If this rally fails...

Quote from Aaron Copland:

Buyers should be here right about now, we have re-traced almost half the rally.

Buyers were are you?


Their off in the bathroom sucking each others cocks:eek: thinking uncle Ben saved their ass again.
 
Increased demand has pushed commodities prices higher; what is interesting is the role speculative demand has played. Which ever way you look at it, increased resources costs will lead to higher prices. You don't need a textbook to get that.

Treasuries are much lower why? Might they be pricing in much poorer growth? I think it's really intersting that commodity prices and yields are diverging. What would happen if the speculative bubble were to burst (and speculators actually reverse short?). Deflation? Just throwing some ideas out there.
 
Quote from ByLoSellHi:

...then what?

Let me clarify my question. This rally will fail. I think most of us have set up to fade it.

But if it fails today, and we end up close to even or even @ a loss, hasn't the fed just shot another was, in an increasingly diminishing arsenal, for no good effect?

Isn't the fed really playing with fire here by concocting these harebrained schemes, such as expanding the type of collateralized debt it accepts (and a whopping 200bn at that - woohoo) and risking that they ultimately fail to give the market any support, thus decimating what little credibility they have?

And wouldn't Milton Friedman be turning in his grave right now?
The way this is playing out seems to support the thesis that the problems in the economy are that of excessive risk taking not a shortage of liquidity. What happens if the securities the fed is now accepting as collateral are defaulted upon?
 
Quote from stock_trad3r:

LOL the market is surging and the fed didn't even have to cut. When he DOES cut the market will surge another 3%.

Face it this is the bottom. I This rally wont fail. Nope not gonna happen. Dow end day up 320 points..lol
fade fade fade away.....lol
 
Quote from pcdunham:

"... What happens if the securities the fed is now accepting as collateral are defaulted upon?

Likely the Fed will just say, "fuggetaboutit"... just another way to "monetize bad debts"... could be their intention right from the get-go.
 
Quote from Aaron Copland:

Junkies always feel good when they leave the pawn shop with cash in hand.
But the fix never lasts and they are always on the hunt for the next one....witness the failed rally
 
I think we can add another statement of fact to the litany of facts we've learned in the last several months, and it's quite simple -

The Federal Reserve, if there was any previous doubt, has lost any semblance of credibility it previously held among the remaining (but dwindled) faithful.

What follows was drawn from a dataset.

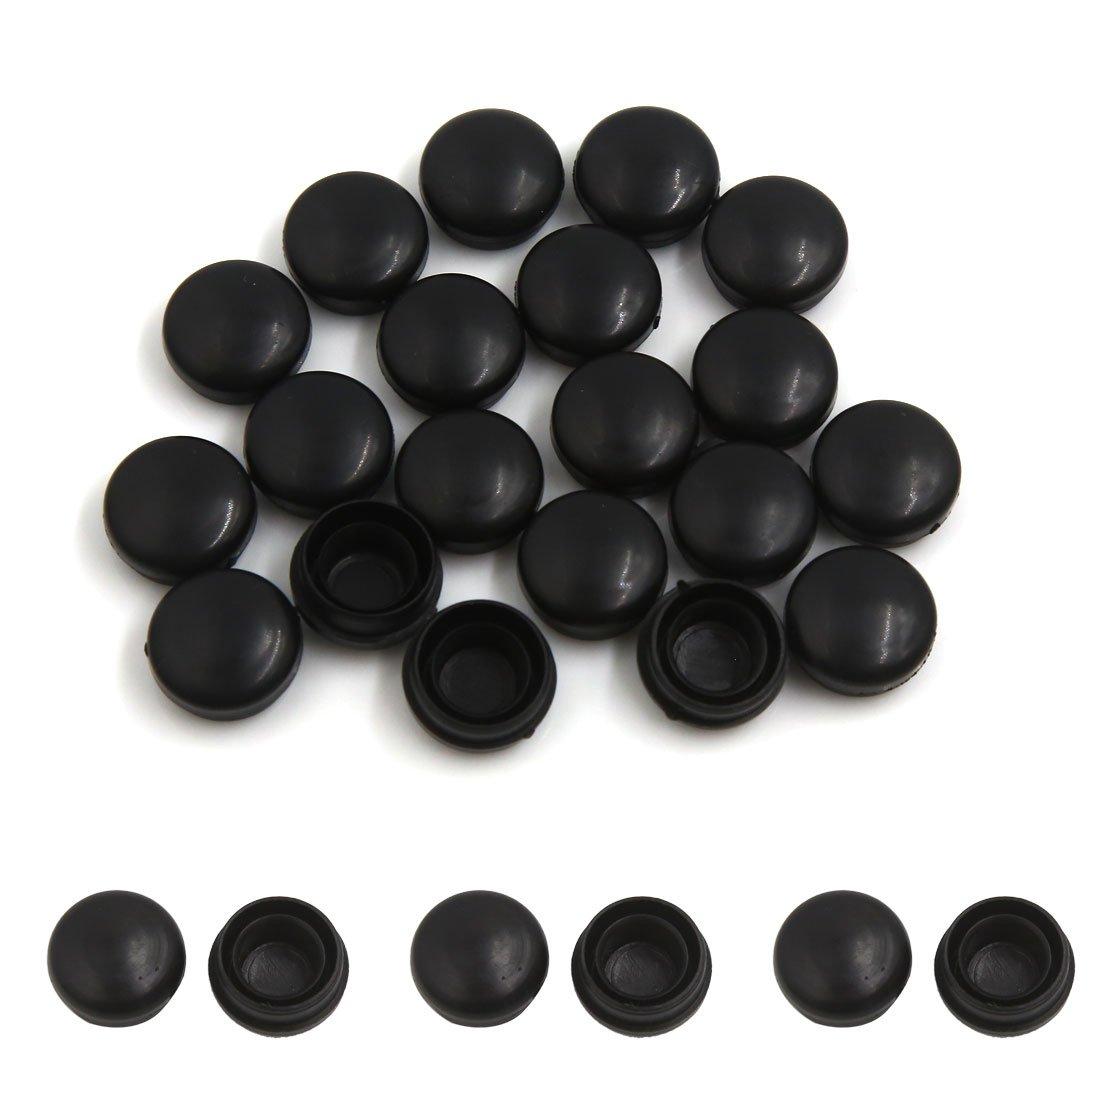 Sourcingmap 20Pcs 13mm Diámetro Tapa Plástico Remaches de Limpiaparabrisas Sujeción Negro: Amazon.es: Coche y moto

I mean, they just can't provide support no matter what they try.

Maybe because that's not their proper role - to support financial markets.

Maybe they should let the weak actors, who made the wrong choices, fall on their swords, and allow the underpinnings that the healthy and wise actors are now establishing, take us into a new bullish phase eventually, once the toxic waste works itself out of the markets (however low that takes us).